Но главнее всего вспоминается теплая летняя ночь в Едимново на Волге: полная луна; мне пять лет; родители младше, чем я сейчас. Сидим с Мамой на скамейке на берегу и смотрим на мерцающую лунную дорожку, волшебной диагональю рассекаю­щую черное водное пространство. И вдруг на эту сверкающую полосу из темноты вплывает лодка ― это Папан с Ирисой плывут на веслах проверять перемет, а меня не взяли, потому что хоть и тепло, но ночь, а я малень­кий…

Почему же именно ночью так отчетливо и полно ощущаешь и осознаешь частицу счастья, щедро отпущенного тебе в краткий момент твоего земного бытия? Так емко впитываешь вечность и целостность всего, что вокруг? Ироничную мимо­летность собственного нынешнего существования и всеобъемлющее могущество вечного Це­лого, микроскопической Ча­стью, частицей воплощенного в тебе самом и в тех, кто рядом? Кто так же, как и ты сам, весело мелькнет в одно мгнове­ние и так же исчез­нет навсегда. «Бас–халас»…

Как же пронзительно обидно это «исчезнет навсегда». Настолько обидно, что не воспринимается всерьез. И верится по­началу, что уж ты‑то будешь во всем этом веч­но.

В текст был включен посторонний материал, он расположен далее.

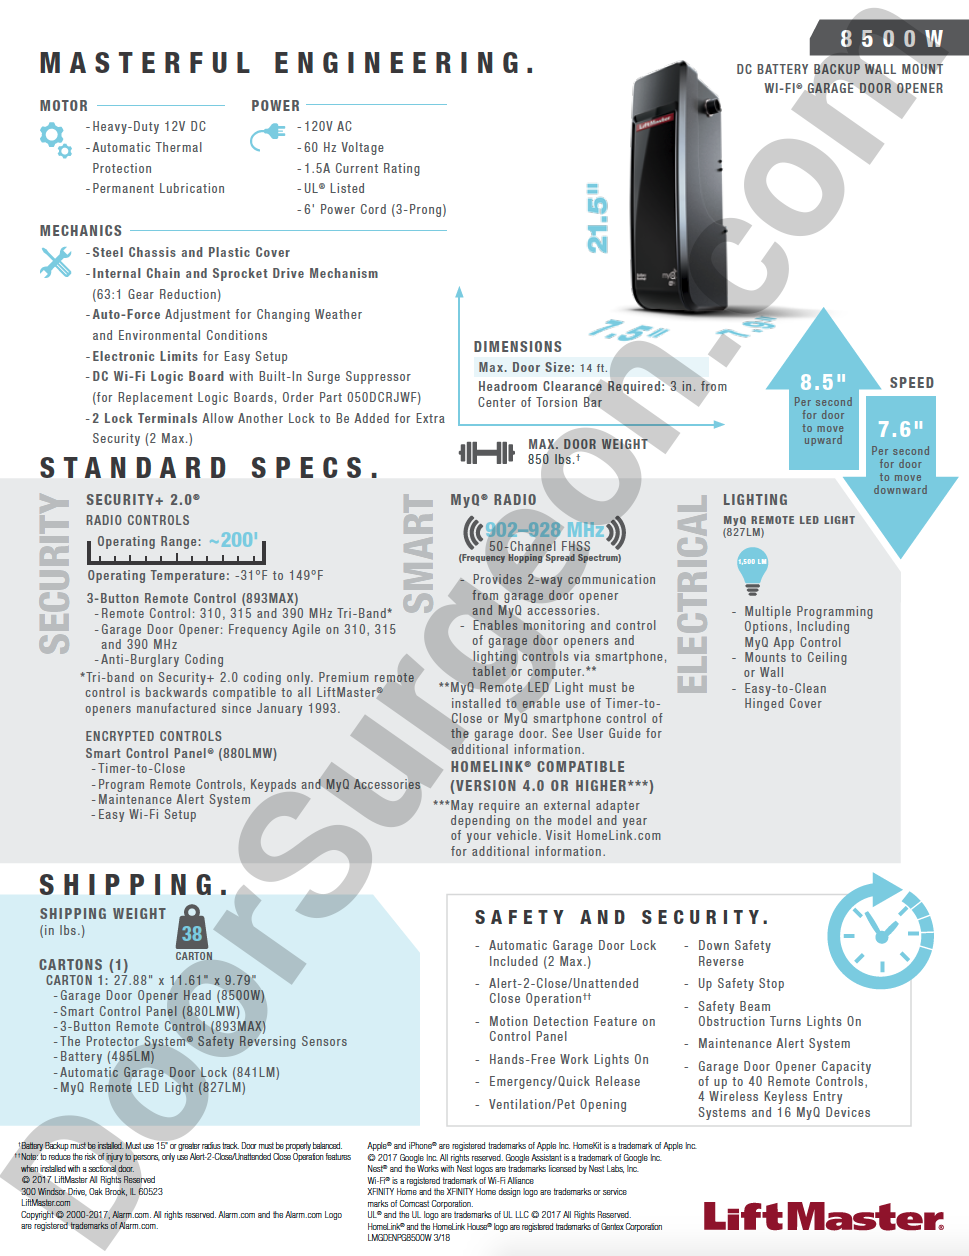 liftmaster 8500 specification sheets

Может быть, в этой горечи, выражающей почтительную невозможность согласить­ся с тем, что когда‑то ты навсегда бу­дешь вырван из этой подлунной жизни, и кроют­ся истоки веры в бессмертие души и во множественность ее форм? И мо­жет, это лишь подсознательное желание не отрываться от ночной подлунной красоты, рождаю­щей слезы счастья на гла­зах? Желание и потребность ощутить что‑то, даю­щее надежду быть сопричастным к этому великолепию вечно? Даже и не важно, в какой форме?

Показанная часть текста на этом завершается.